Given that PISA is held in high regard in Spain it seems particularly unfortunate that the results of the main domain (reading) in PISA 2018 have not been released and many unanswered questions remain about the reliability of results for science and mathematics. For this reason, most of the analyses in this Chapter use data from PISA 2015. I will discuss more general implications of what has happened in Spain with the findings from the PISA 2018 cycle in the last section of the Chapter.
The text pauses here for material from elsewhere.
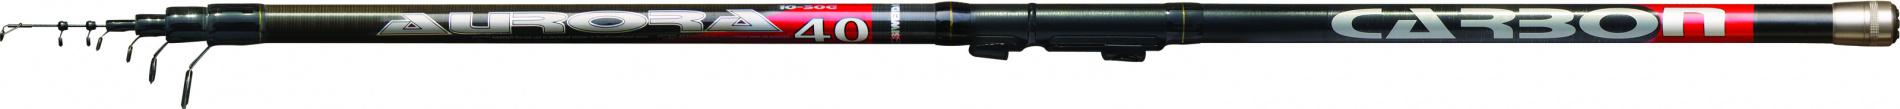 Удилище тел. SWD Aurora 5м с/к карбон IM8 (укороченное, Удилища поплавочные<br>Рейстайлинговая модель компактных телескопических <br>удилище для поплавочной ловли изготавливается <br>с этого сезона из карбона IM8. Основные характеристики <br>удилища: длина 5,0м (в сложенном состоянии <br>105см), количество секций - 6, вес - 275г, максимальный <br>вес оснастки - до 30г. Удилище оснащено облегченными <br>кольцами SIC, быстродействующим катушкодержателем <br>типа Clip Up, специальной вставкой из EVA для <br>предотвращения повреждения проводочных <br>колец при транспортировке и металлической <br>пробкой на комле. Предназначено для всех <br>видов поплавочной ловли и подойдет как <br>для начинающих, так и для опытных рыболовов.<br>
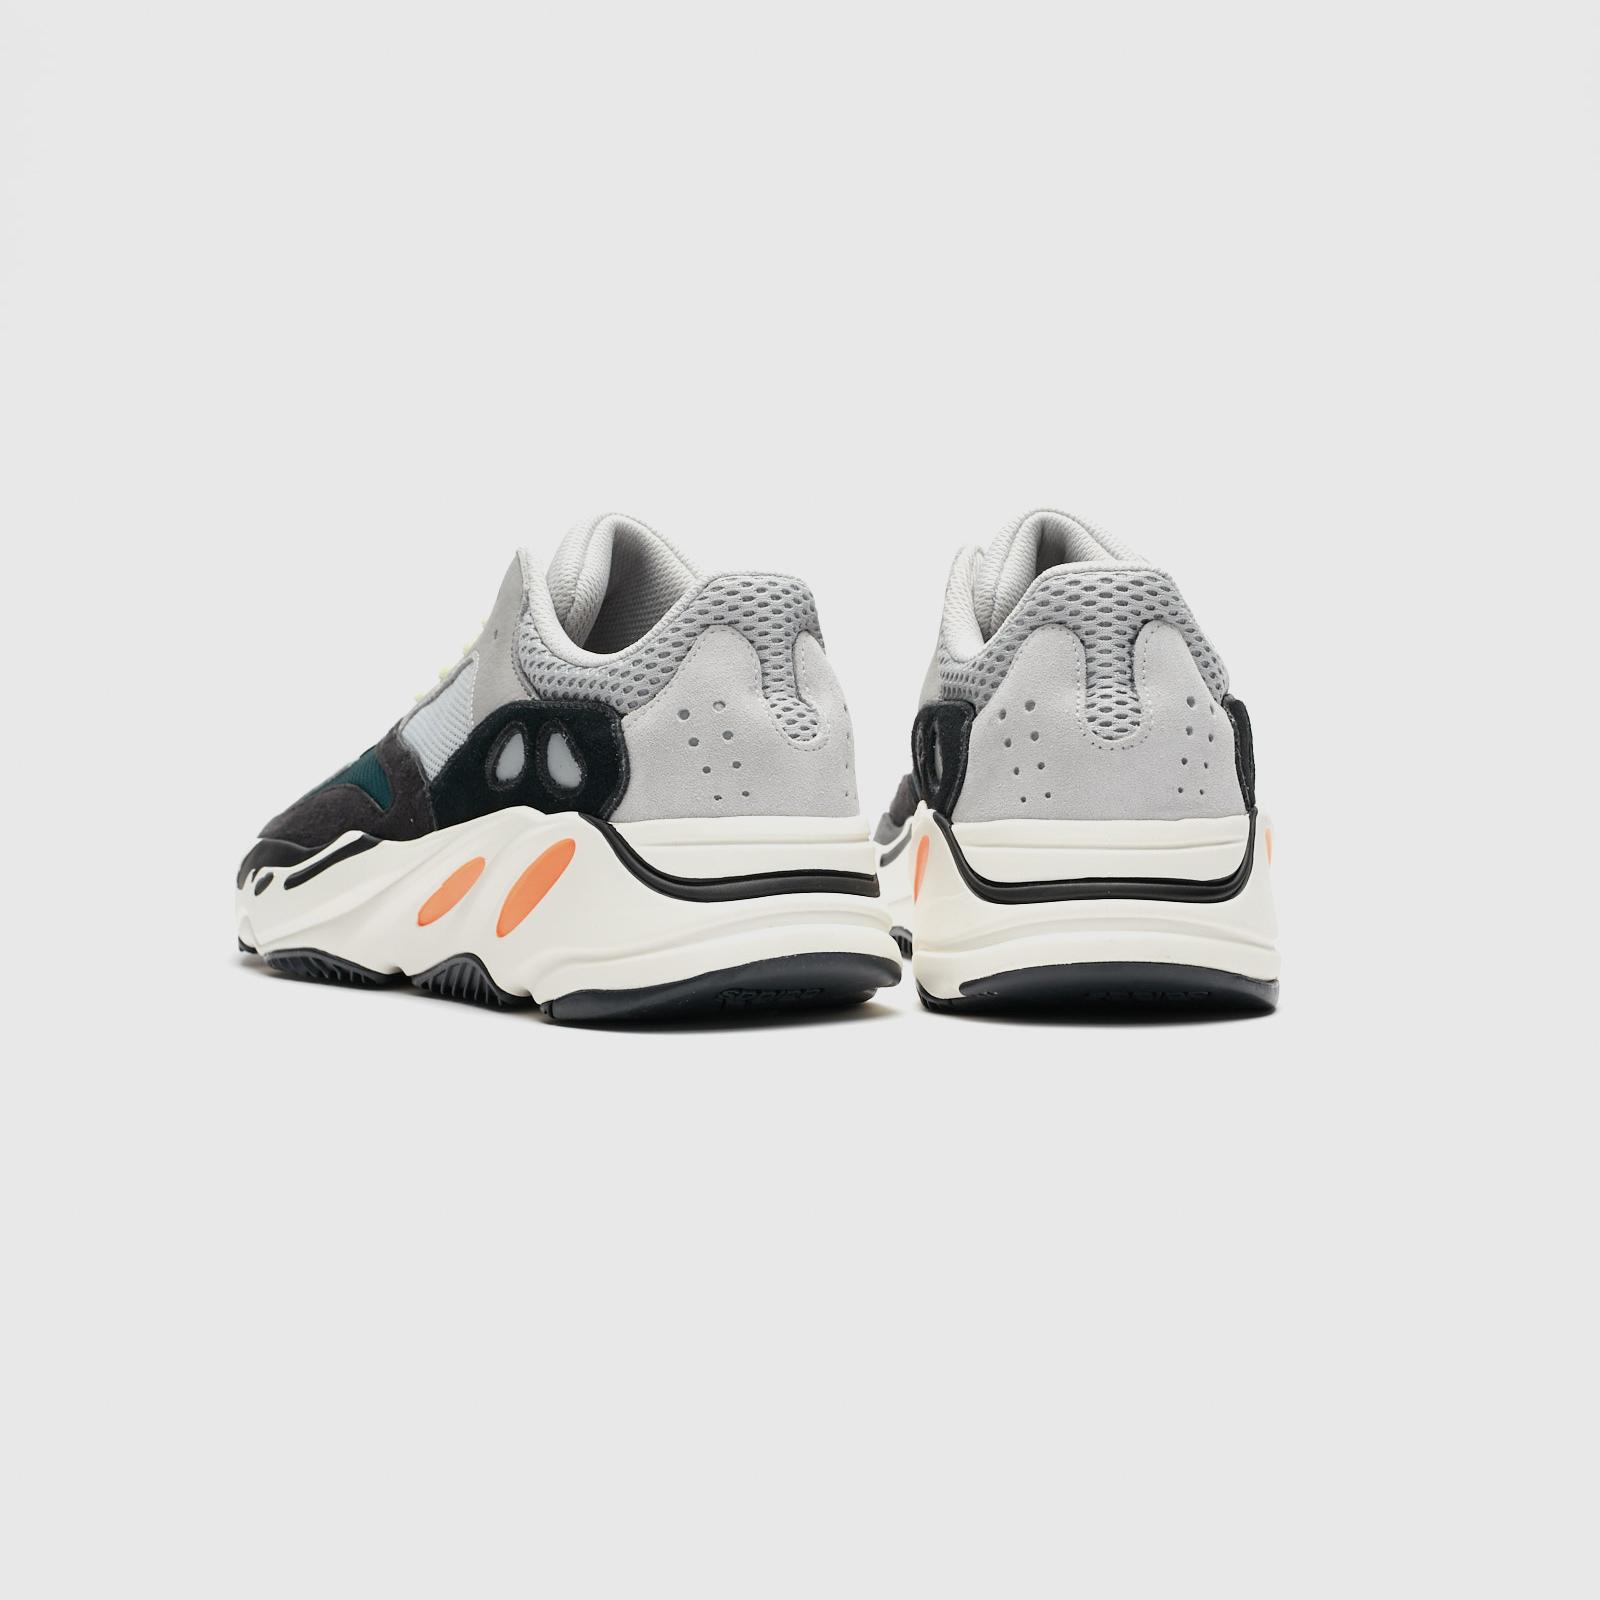 1538d1eee adidas Yeezy Boost 700 - B75571 - Sneakersnstuff

2.1 The Performance of Spain in Comparison to Other Countries: Ample Room for Improvement

The three major international large-scale assessments (PIRLS, TIMSS and PISA) measure the same domains: reading, mathematics and science, but the methodology, lengths of the cycles and the target population (as defined by student age or grade) are different. The IEA developed the initial surveys, sampling all students in each classroom and focusing on specific grades. TIMSS (Trends in International Mathematics and Science Study) has monitored the performance of students in grade 4 and 8 in mathematics and science every four years since 1995. PIRLS (Progress in International Reading Literacy Study) has monitored trends in reading achievement at the fourth grade since 2001 and it takes place every five years. Finally, the OECD developed PISA (Programme for International Student Assessment) which samples 15-year-olds in different grades (8, 9, 10 and 11th grades), started in 2000 and has 3-year cycles. While PIRLS and TIMSS have been designed to analyse the extent to which students have acquired curriculum-based content (Mullis et al. 2016, 2017), PISA claims to analyse how the knowledge and skills acquired are applied to solve problems in unfamiliar settings (OECD 2019a). PISA also claims to be more policy-oriented and in fact PISA publications include many analyses to try to identify which good practices distinguish good performing countries (OECD 2016a, b, 2019c, d).

According to PISA, Spain has scored below the OECD average until 2015 when Spain reached OECD levels. The performance of Spain in 2015 was significantly below that of 18 OECD countries, and substantially below top performers such as Singapore. Thus, there seems to be ample room for improvement (Fig. 1).

Fig. 1
figure 1

PISA 2015 scores for the main domain (science)

When the three domains are considered separately, in 2015 Spain performed at the same level as the OECD in science and reading, but below the OECD average in maths. Both in science and reading Spain has a smaller proportion of both low performing and top performing students than the OECD average. However, in maths the proportion of low performing students is similar to the OECD average, while Spain has a substantially lower proportion of top performing students. Thus, the main reason why Spanish students tend to perform worse in maths is because such a small proportion are top performers. More generally, it can be concluded that one of the weaknesses of the Spanish education system is that it does not allow the potential of top performing students to develop.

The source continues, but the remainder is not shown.